A 100 años del asesinato de la teórica y militante marxista revolucionaria perpetrado por el grupo paramilitar alemán Freikorps, la investigadora Alejandra Ciriza realiza un recorrido por la vida de Rosa Luxemburgo, refiriéndose a contextos y notas biográficas de esta mujer visionaria.
Ana Paula Cuñado *
«Una lectura feminista y latinoamericana de Rosa Luxemburgo» se denominó la charla que Alejandra Ciriza llevó a cabo en la Facultad de Ciencias Humanas de la UNLPam. Doctora en Filosofía e investigadora principal en el Consejo Nacional de Ciencia y Tecnología (CONICET), Ciriza fue Directora del Instituto de Estudios de Género de la Universidad de Cuyo desde 2009 hasta su normalización en 2014. Desarrolla su línea de investigación en el campo de la filosofía política feminista desde una perspectiva interesada en la dimensión histórica de las filosofías y teorías feministas. Ha sido convocada en reiteradas ocasiones como profesora visitante por prestigiosas universidades y organizaciones sociales latinoamericanas y europeas.
En esta oportunidad arribó en Santa Rosa para hacer una lectura sobre los debates centrales que protagonizó Rosa Luxemburgo, tales como: reforma y revolución; análisis de la Revolución Rusa; economía política; guerra y paz; espontaneísmo y organización de las masas; la huelga revolucionaria; la lucha de las mujeres; feminismo y socialismo.

Fuerza e inteligencia.
Rosa Luxemburgo fue una teórica del socialismo alemán a quien el líder soviético Vladimir Lenin llegó a llamar el «Águila de la Revolución». Gran defensora de la democracia, está considerada como la dirigente marxista más importante de la historia. «Rosa va percibiendo cuanto la cultura europea debe a la barbarie, esta percepción que deja de confiar en la idea de progreso.

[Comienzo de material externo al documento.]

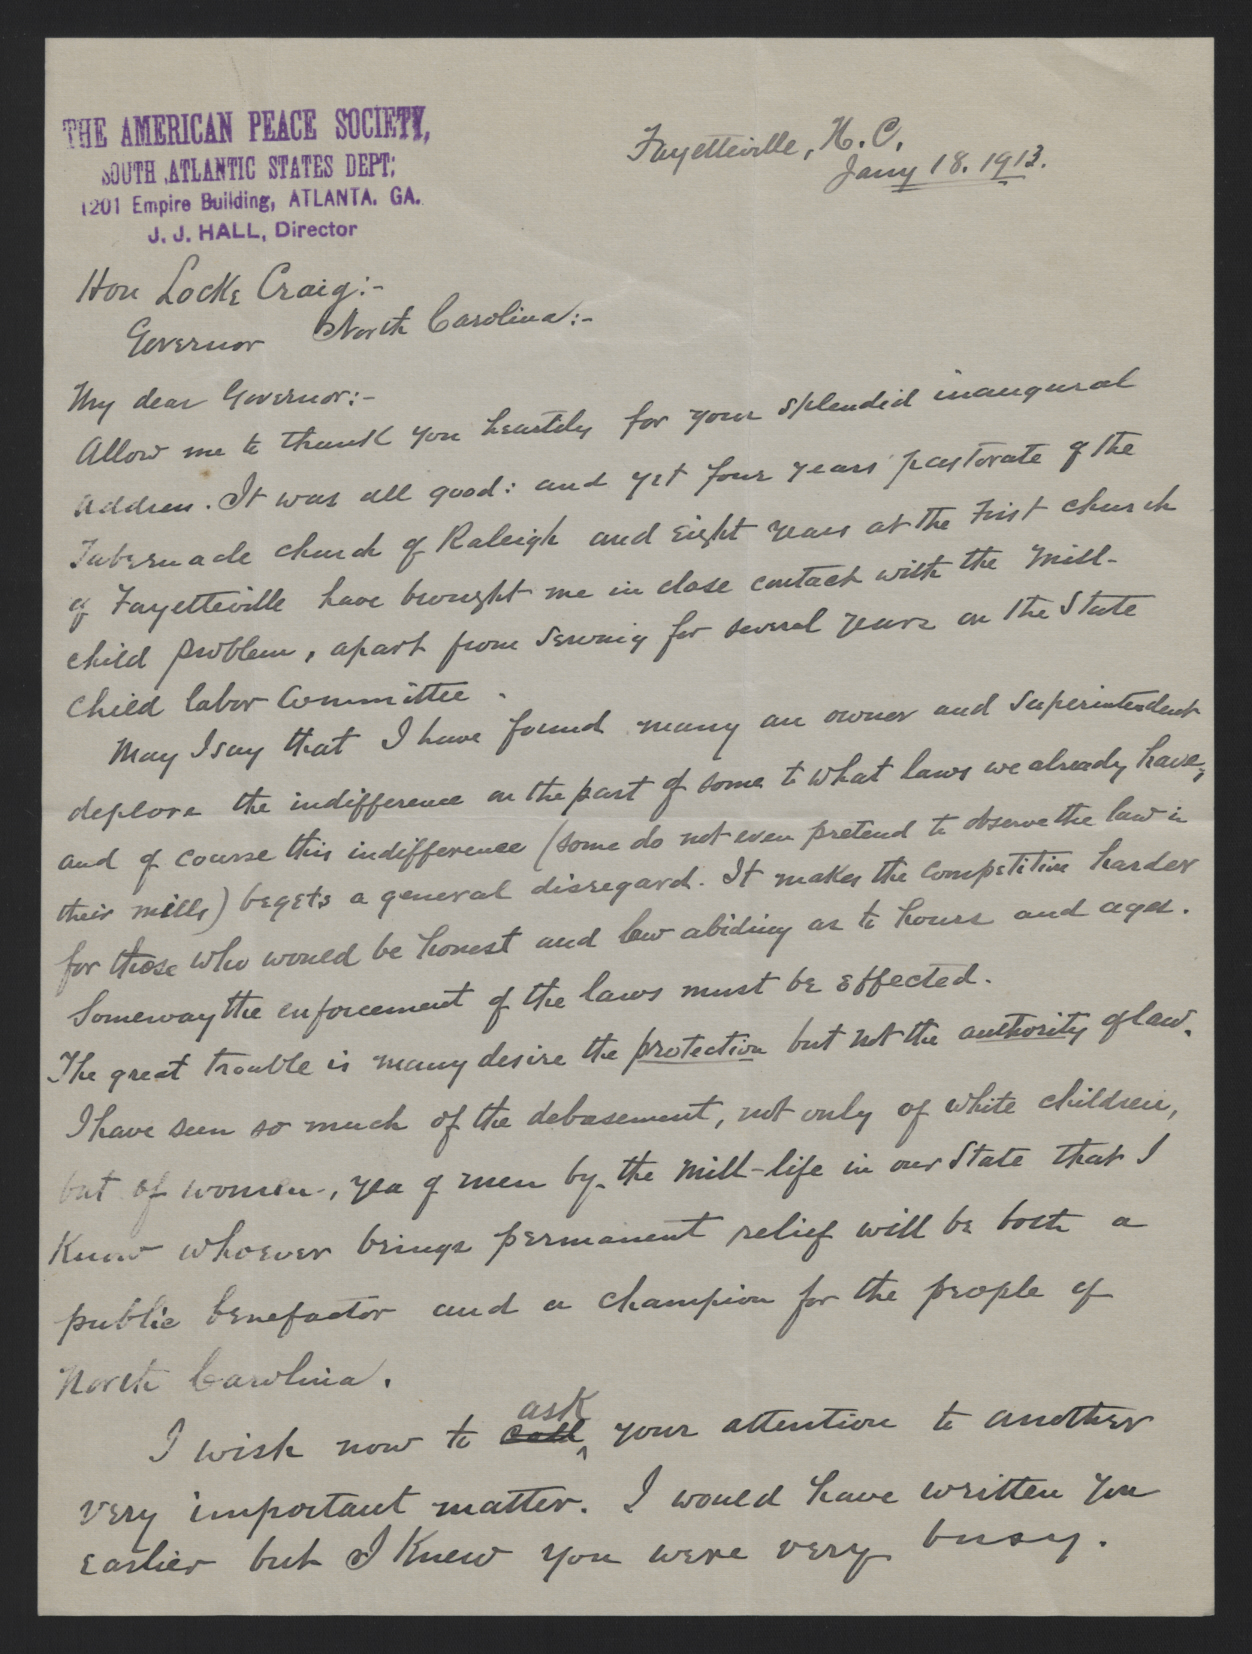 Letter from Hall to Craig, January 18, 1913, page 1

Ella va discutiendo cuestiones organizativas, la función del partido, la función de los sindicatos, la función de la espontaneidad de las masas, la creación de las situaciones revolucionarias», explica Ciriza.
Rosa nació en un pequeño pueblo llamado Zamosc, en 1871, cuando Polonia era parte del Imperio Ruso. «Rosa nace en 1871 y si una piensa en algunos de los hitos fundamentales de su vida, son hitos que están sembrados por la expectativa de la revolución», dice Ciriza.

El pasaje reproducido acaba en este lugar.